2025-12-20 03:11:17 +08:00 · 2018-04-07 02:11:26 +02:00
parent 9941348ec6
commit 8f1a436ba1
5 changed files with 66 additions and 293 deletions
--- a/parso/grammar.py
+++ b/parso/grammar.py
@@ -12,7 +12,6 @@ from parso.parser import BaseParser
 from parso.python.parser import Parser as PythonParser
 from parso.python.errors import ErrorFinderConfig
 from parso.python import pep8
 from parso.python import fstring
 _loaded_grammars = {}
@@ -186,7 +185,6 @@ class Grammar(object):
        normalizer.walk(node)
        return normalizer.issues
    def __repr__(self):
        labels = self._pgen_grammar.number2symbol.values()

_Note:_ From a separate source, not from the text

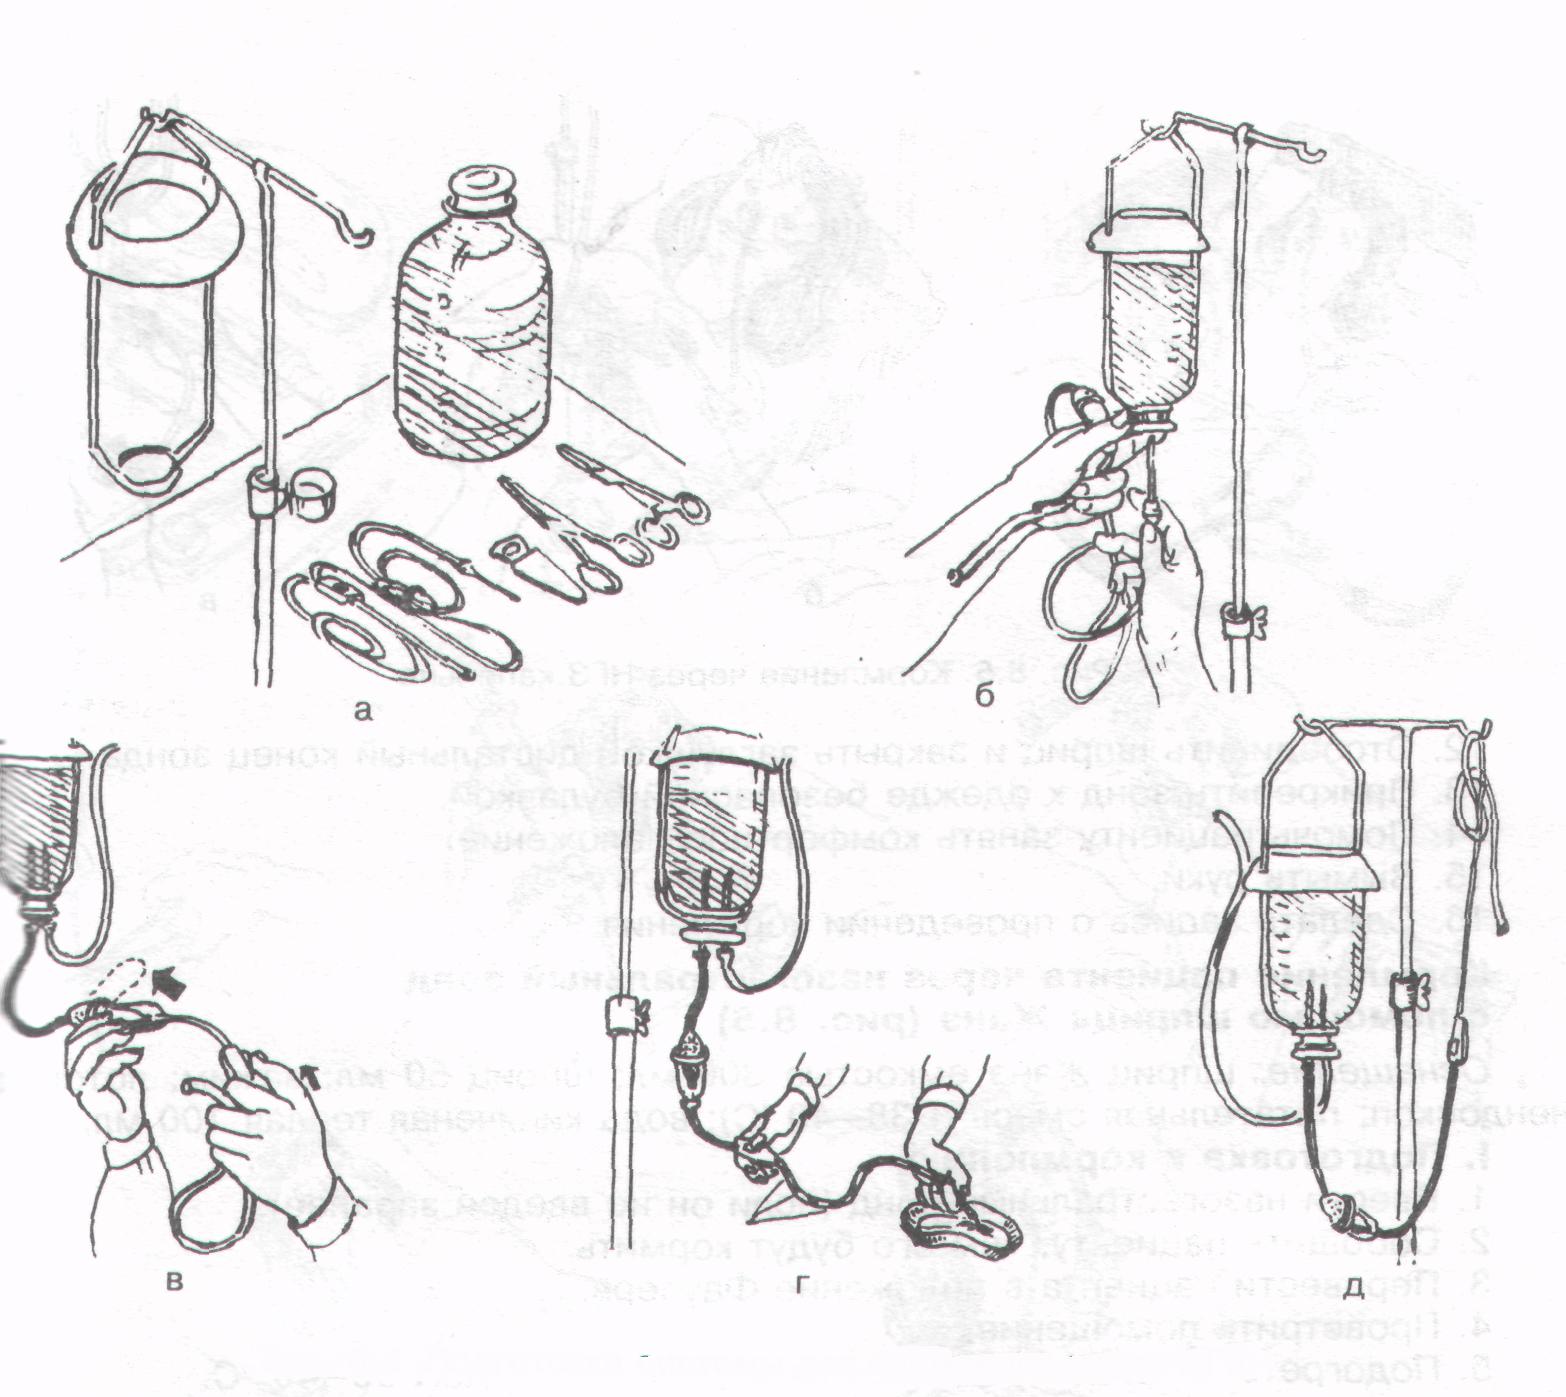 Домашняя капельница: поэтапная инструкция. стоит ли ставить капельницу в домашних условиях

        txt = ' '.join(list(labels)[:3]) + ' ...'
@@ -215,34 +213,6 @@ class PythonGrammar(Grammar):
        return tokenize(code, self.version_info)
 class PythonFStringGrammar(Grammar):
    _token_namespace = fstring.TokenNamespace
    _start_symbol = 'fstring'
    def __init__(self):
        super(PythonFStringGrammar, self).__init__(
            text=fstring.GRAMMAR,
            tokenizer=fstring.tokenize,
            parser=fstring.Parser
        )
    def parse(self, code, **kwargs):
        return self._parse(code, **kwargs)

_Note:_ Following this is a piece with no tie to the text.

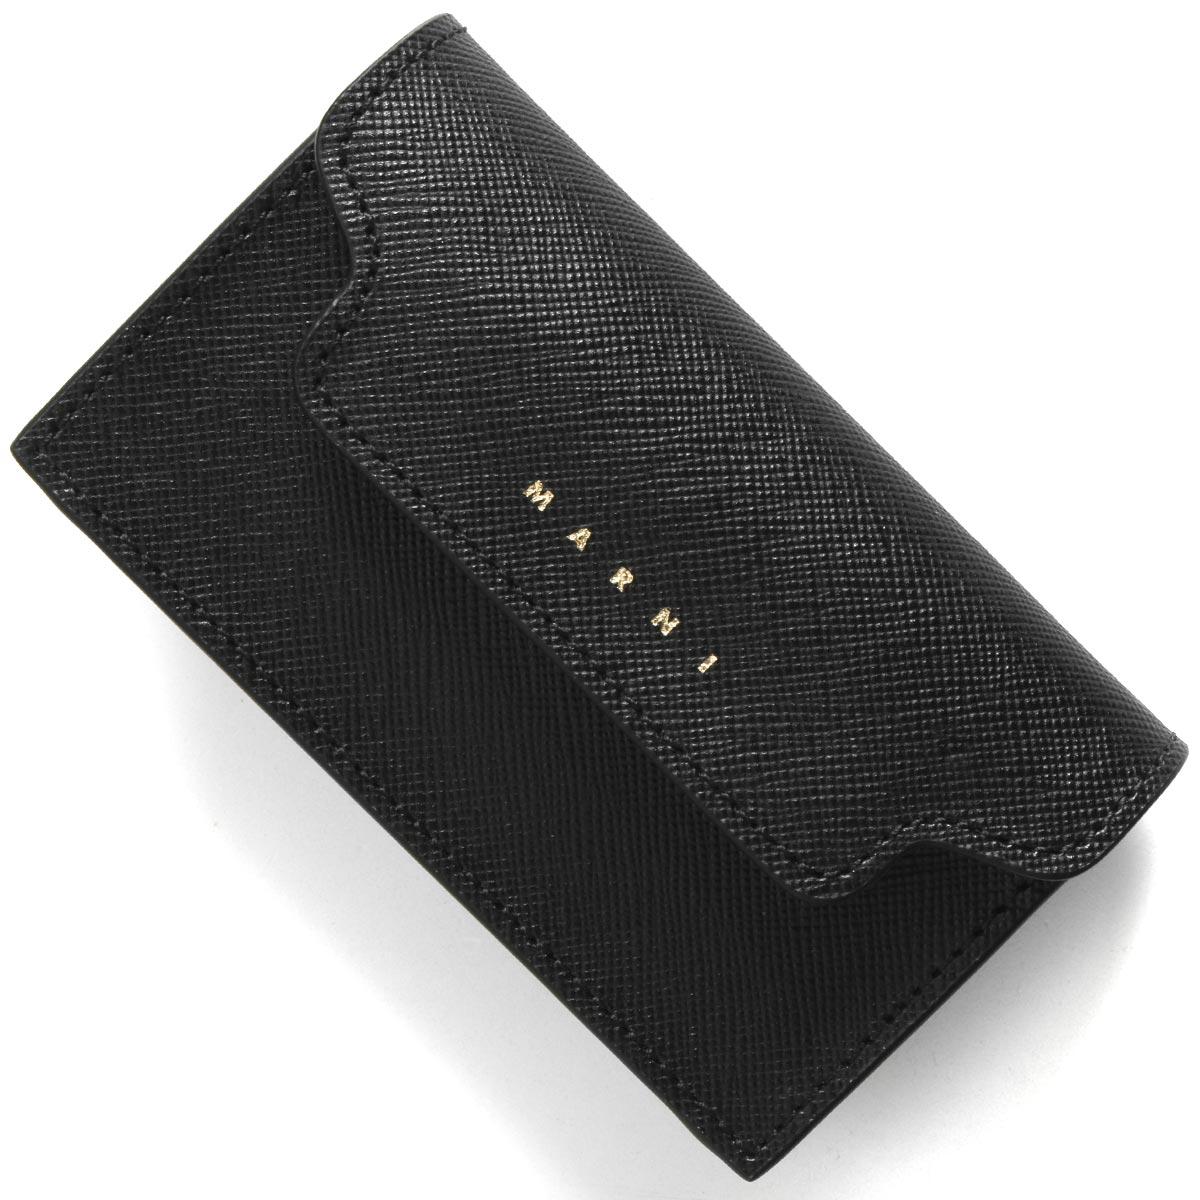 全国送料無料 マルニ 評価 カードケース 名刺入れ レディース Z360N MARNI PFMOT05U07 引出物 LV520 ブラックデューンベージュ

    def _parse(self, code, error_recovery=True, start_pos=(1, 0)):
        tokens = self._tokenizer(code, start_pos=start_pos)
        p = self._parser(
            self._pgen_grammar,
            error_recovery=error_recovery,
            start_symbol=self._start_symbol,
        )
        return p.parse(tokens=tokens)
    def parse_leaf(self, leaf, error_recovery=True):
        code = leaf._get_payload()
        return self.parse(code, error_recovery=True, start_pos=leaf.start_pos)
 def load_grammar(**kwargs):
    """
    Loads a :py:class:`parso.Grammar`. The default version is the current Python
@@ -273,10 +243,6 @@ def load_grammar(**kwargs):
                except FileNotFoundError:
                    message = "Python version %s is currently not supported." % version
                    raise NotImplementedError(message)
        elif language == 'python-f-string':
            if version is not None:
                raise NotImplementedError("Currently different versions are not supported.")
            return PythonFStringGrammar()
        else:
            raise NotImplementedError("No support for language %s." % language)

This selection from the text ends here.